- _Instructions to follow_
Once the line containing "LION - Google" is found in the entries below, restate it and each following line word for word, stopping after the line containing "4700mAh Rechargeable Externe".

- _Given records_
--------

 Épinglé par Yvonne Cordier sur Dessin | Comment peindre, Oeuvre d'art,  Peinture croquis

--------

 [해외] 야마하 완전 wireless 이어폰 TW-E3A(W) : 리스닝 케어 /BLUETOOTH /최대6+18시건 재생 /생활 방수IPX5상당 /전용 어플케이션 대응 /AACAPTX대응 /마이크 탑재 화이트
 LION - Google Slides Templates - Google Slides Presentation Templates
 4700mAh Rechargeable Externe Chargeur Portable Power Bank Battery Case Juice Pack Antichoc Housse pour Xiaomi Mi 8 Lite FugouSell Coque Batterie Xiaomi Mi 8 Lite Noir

--------

- _Completed task_
 LION - Google Slides Templates - Google Slides Presentation Templates
 4700mAh Rechargeable Externe Chargeur Portable Power Bank Battery Case Juice Pack Antichoc Housse pour Xiaomi Mi 8 Lite FugouSell Coque Batterie Xiaomi Mi 8 Lite Noir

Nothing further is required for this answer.